** Work to be completed **
A faithful copy of all the data is required; pictures should not be included.

** Supplied data **
——

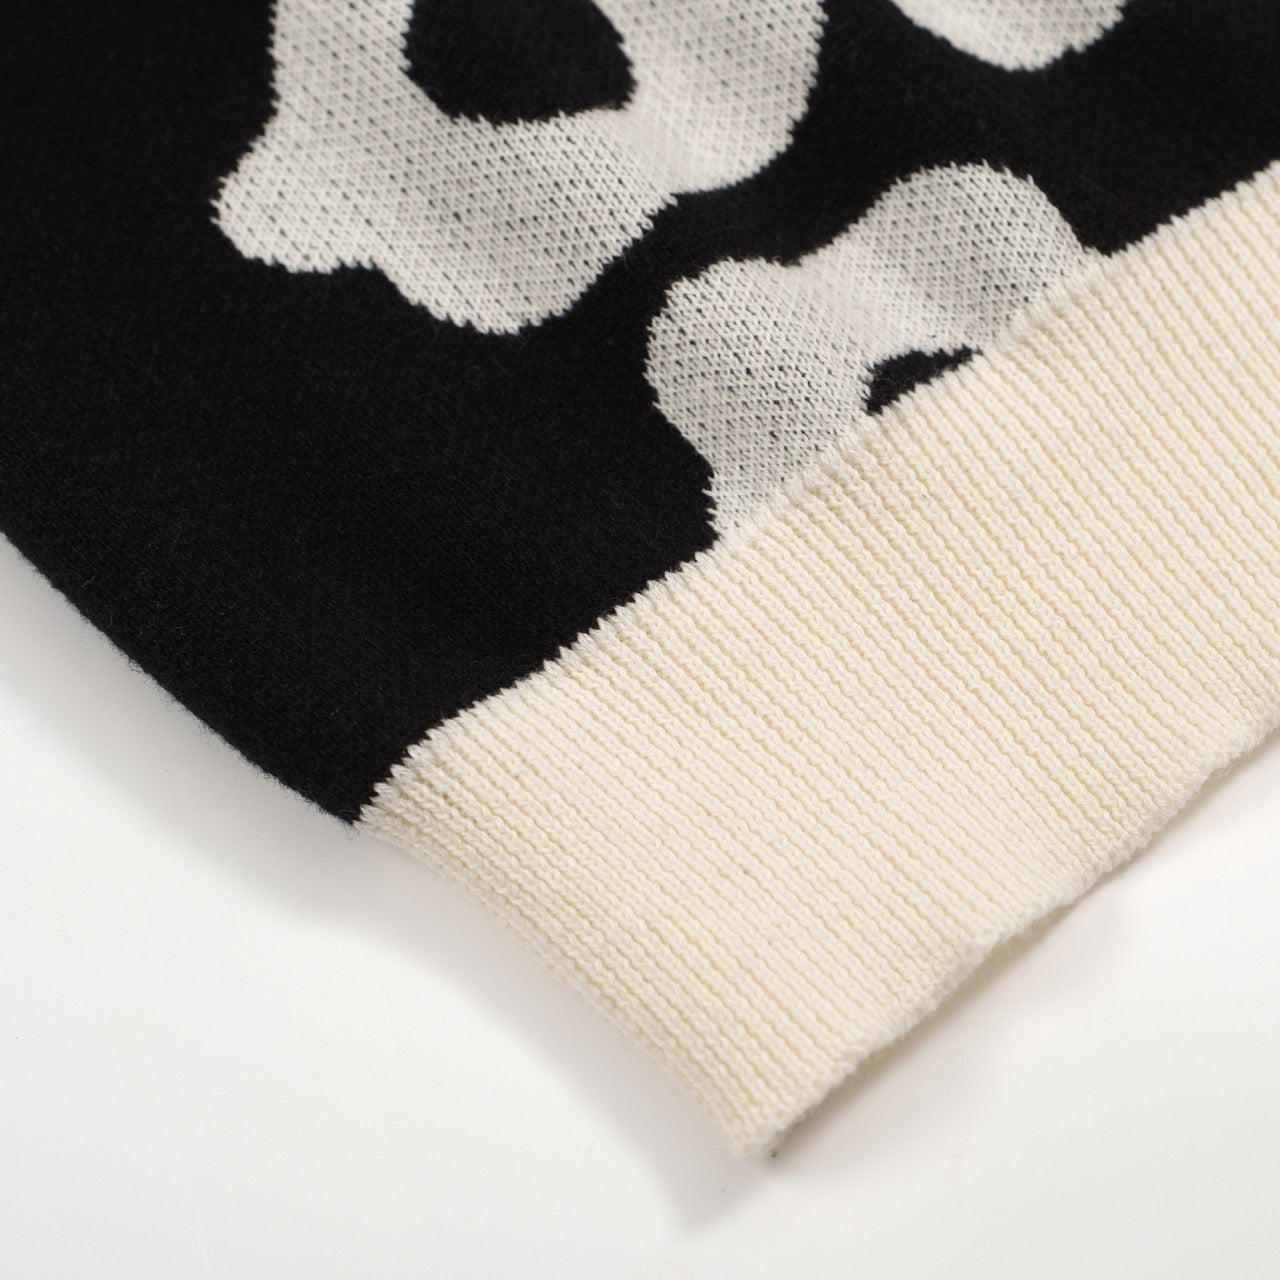 Men's Black And White Jacquard Design Knitted Short Sleeve Polo Shirt
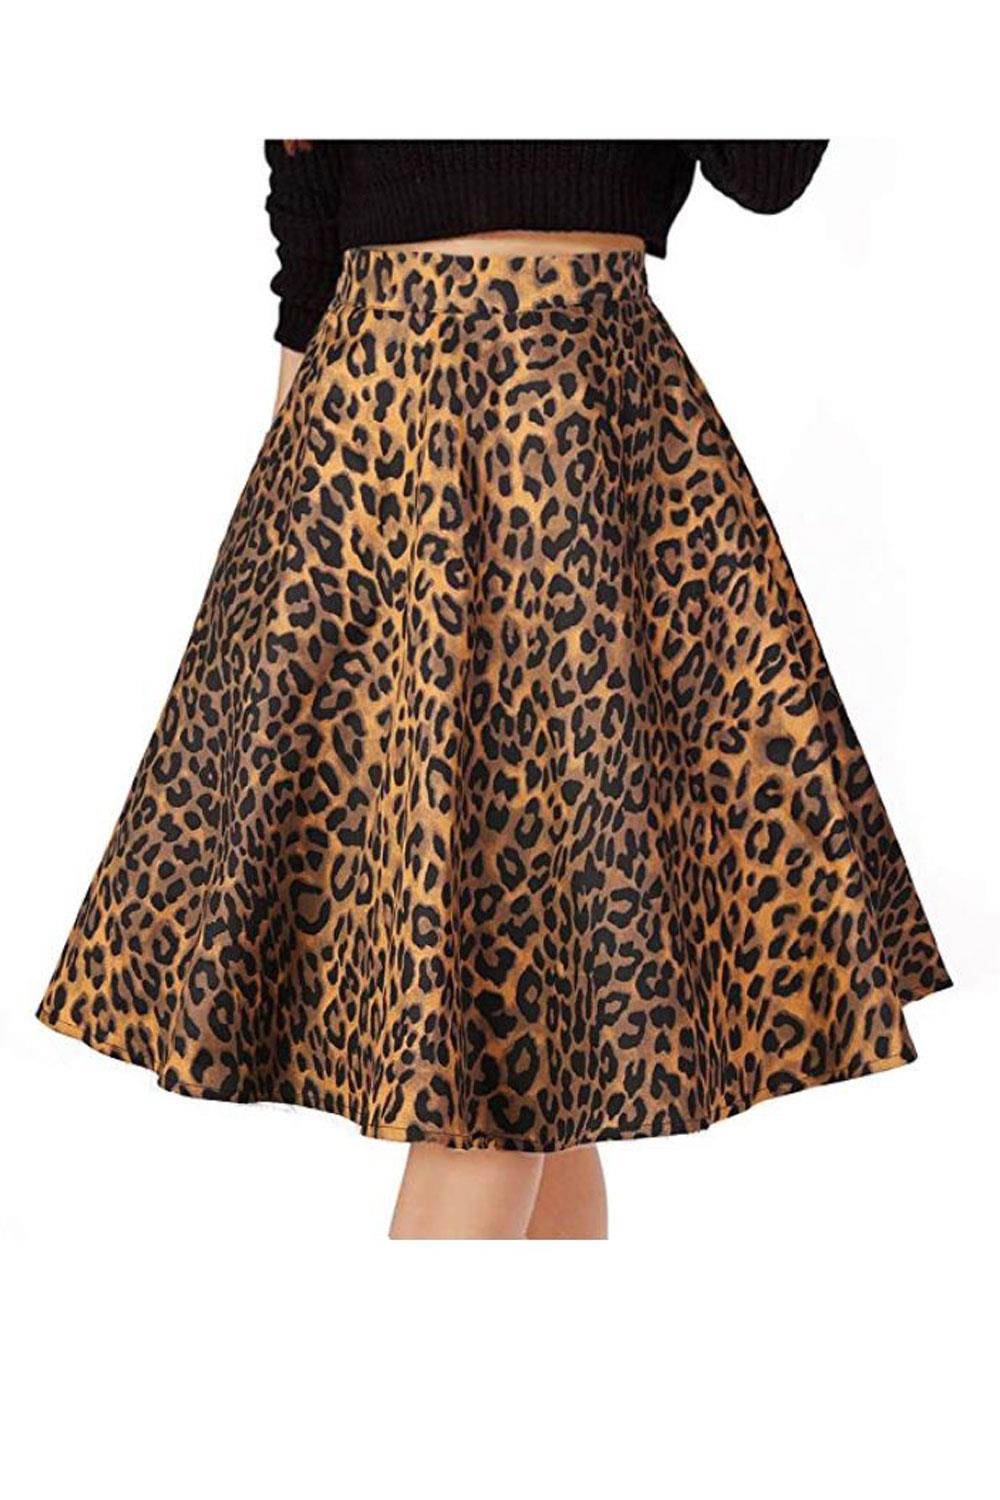 falda leopardo amazon Musever, 22€ aprox.
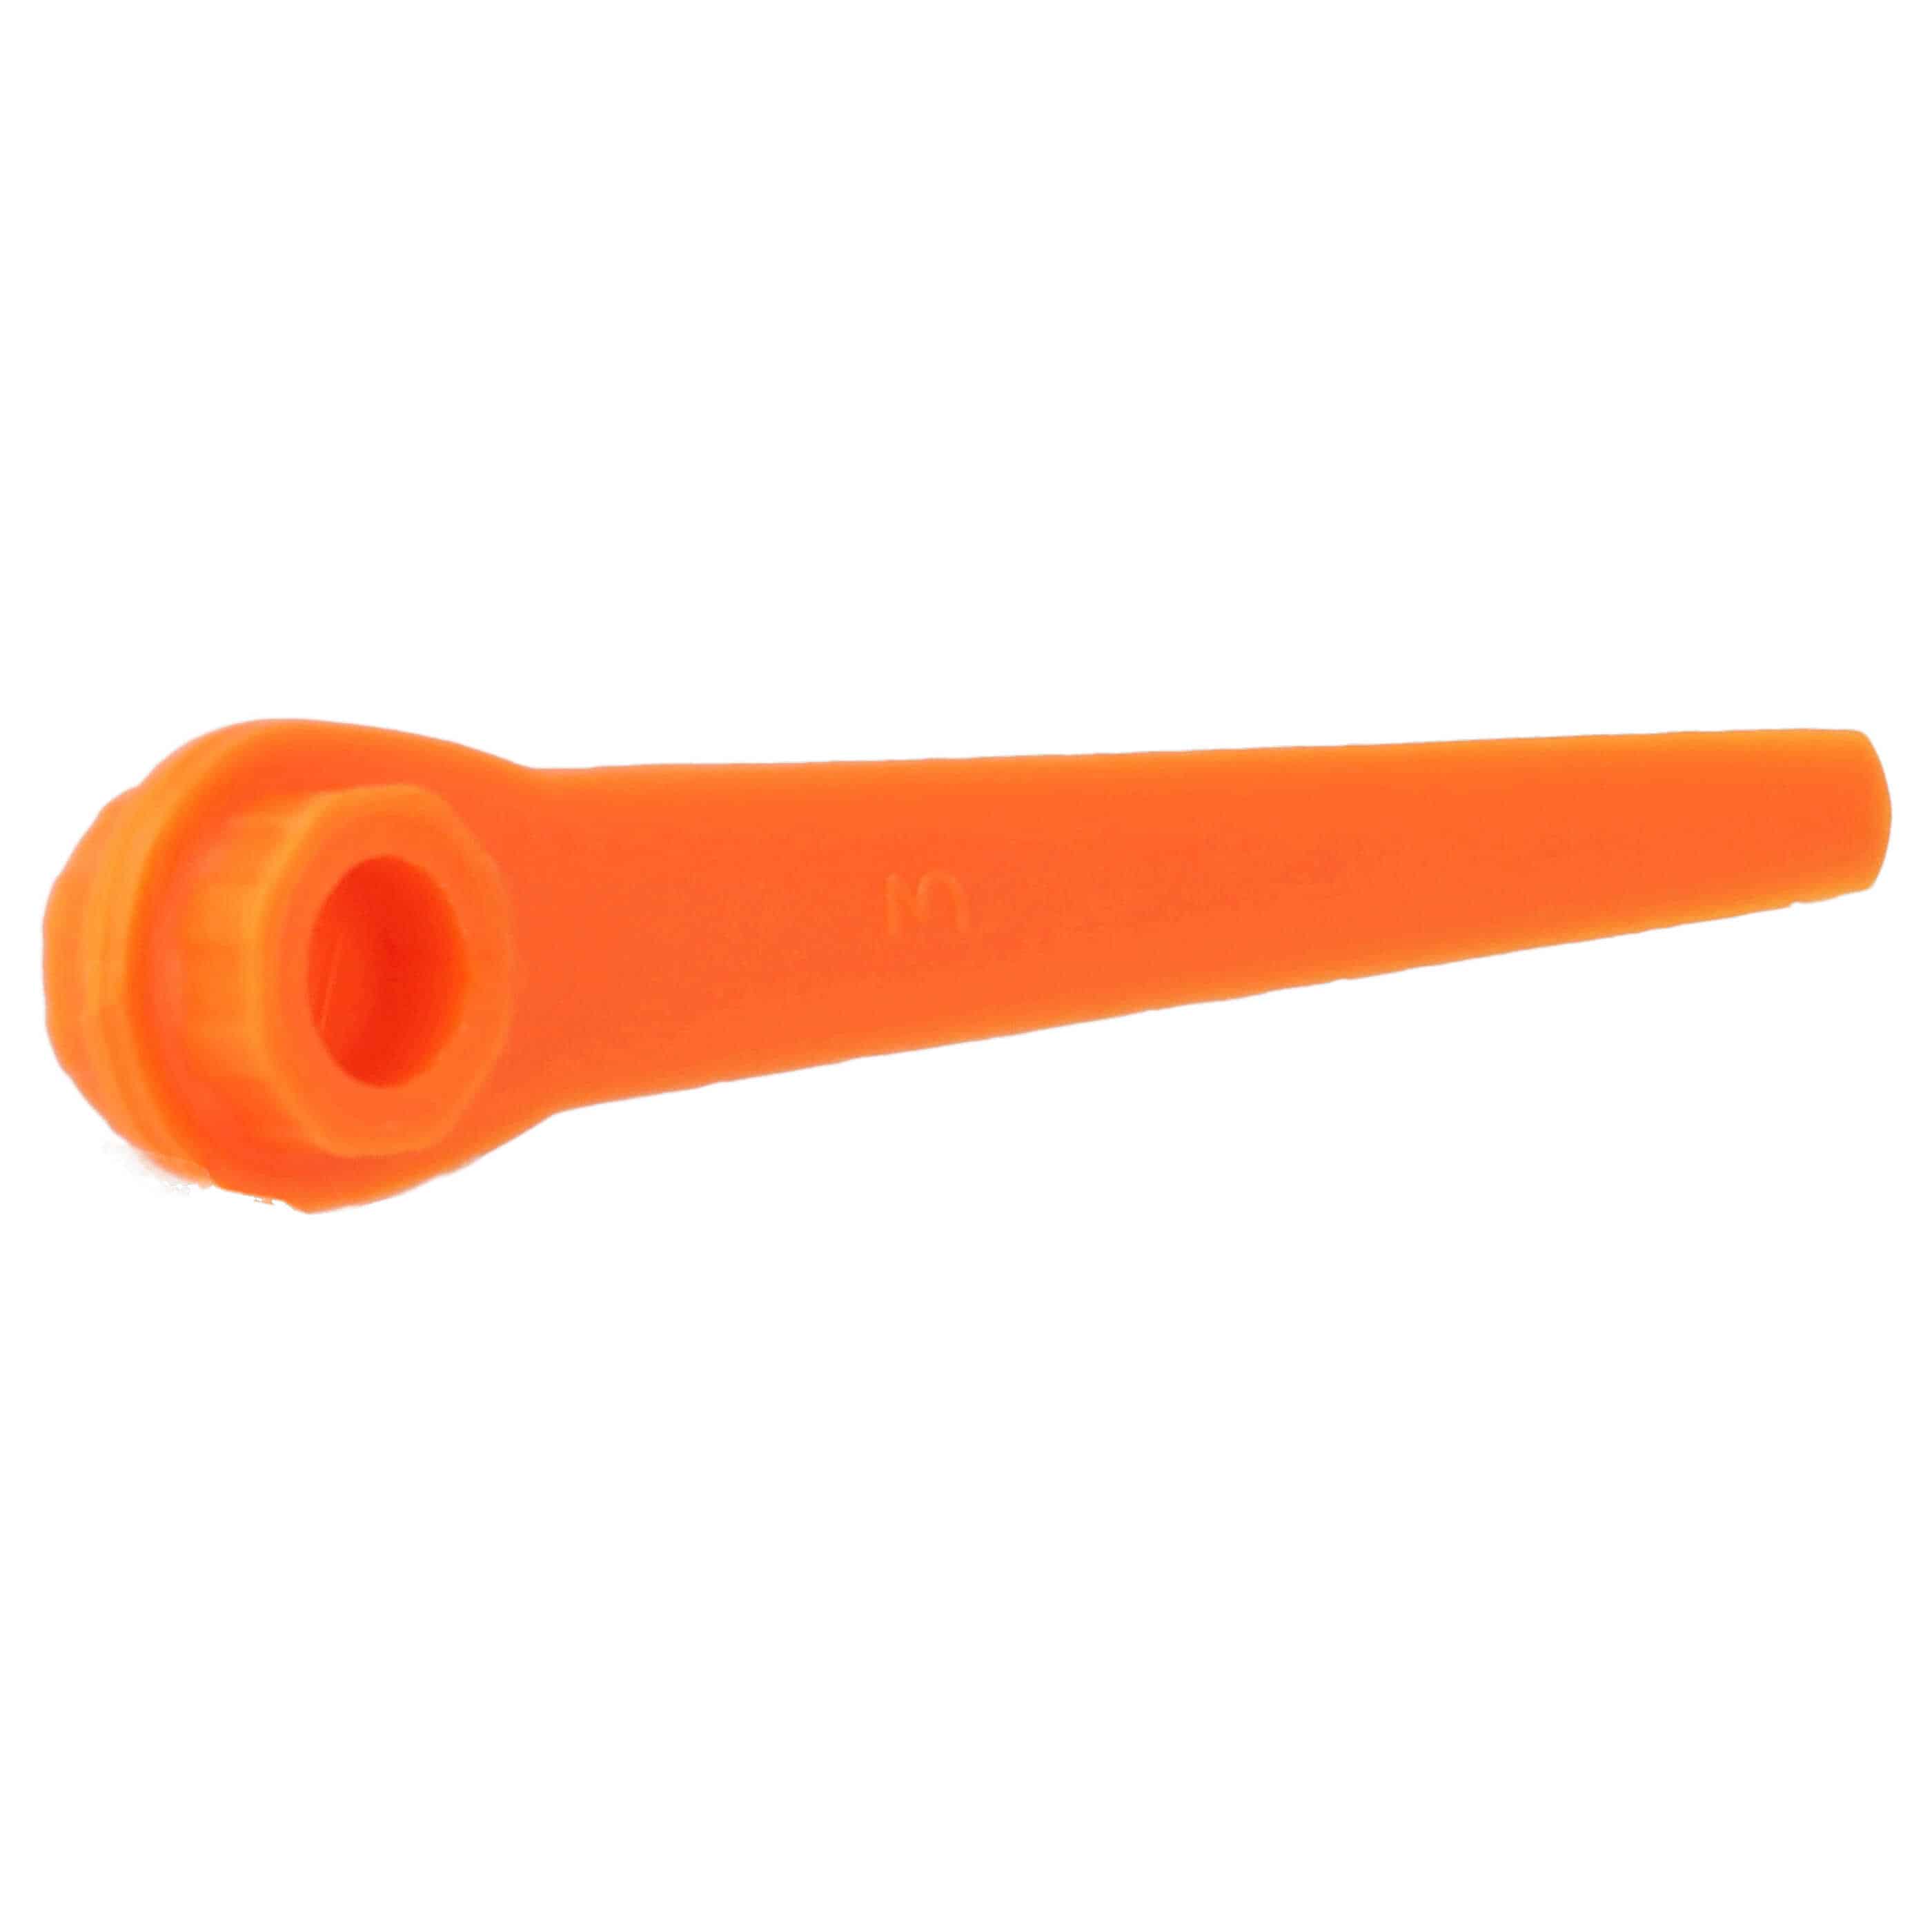 10x Exchange Blade replaces Gardena RotorCut 5368-20 for Cordless Strimmer - plastic, orange

——

** Answer area **
 Men's Black And White Jacquard Design Knitted Short Sleeve Polo Shirt
 falda leopardo amazon Musever, 22€ aprox.
 10x Exchange Blade replaces Gardena RotorCut 5368-20 for Cordless Strimmer - plastic, orange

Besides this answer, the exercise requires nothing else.